Danke euch zwei schon einmal für eure Antworten!
Bzgl Laufradsatz: welcher wäre denn gut? Sollte man tubeless 2.4 er draufziehen?

Danke

Für weitere Meinung bin ich sehr dankbar, es darf auch nicht Radon sein, wenn ihr einen Tipp habt!


----------



## TedStryker71 (23. Oktober 2013)

Bin das Rad gefahren - bei 26/38 brauchst Du ordentlich Schmalz im Bein, für mich - gerade Alpen und steile Stiche wäre das nix. Bin auch 1,94 und das 22 Zoll 9.0 SE wirkte auf mich recht groß - ich kam was mich selbst extrem überrascht hat mit einem 20 Zoll Rahmen besser zurecht.
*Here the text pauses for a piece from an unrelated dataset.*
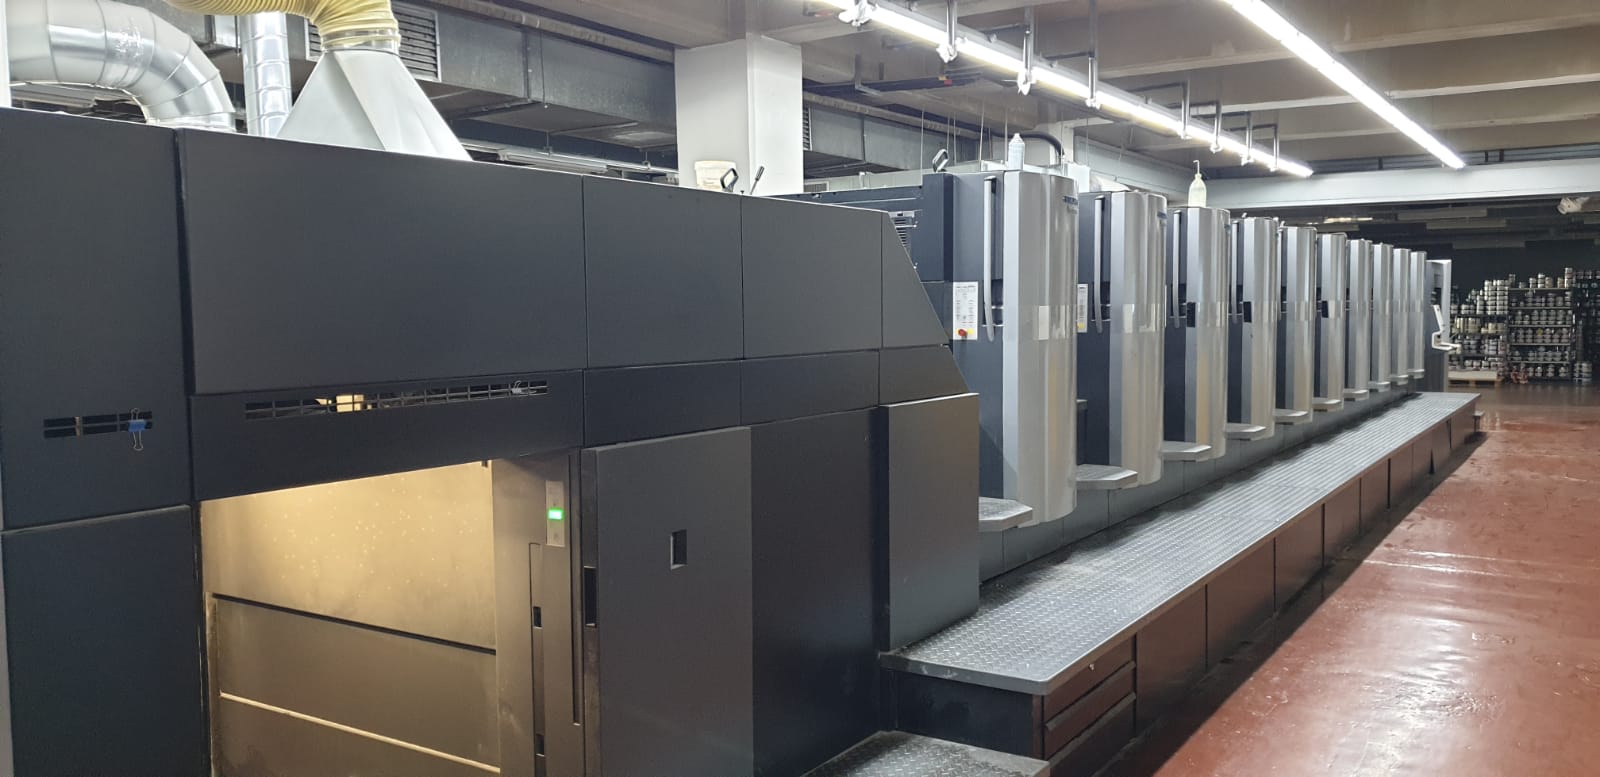 Used 9 - 12 colors - Sheetfed Offset Printing Press

Allgemein hatte ich den Eindruck das die 29er Laufräder wenig seitlich Stabilität bieten. ich wollte eigentlich auch ein 29er kaufen, tendiere jetzt aktuell aber eher zu 650B.


----------



## Kopernikus81 (26. Oktober 2013)

Hey, ich war heute in Bonn bei Radon, um das Slide 130 29 8.0 das Slide 150 8.0 u. ein Swoop zum vergleich zu fahren.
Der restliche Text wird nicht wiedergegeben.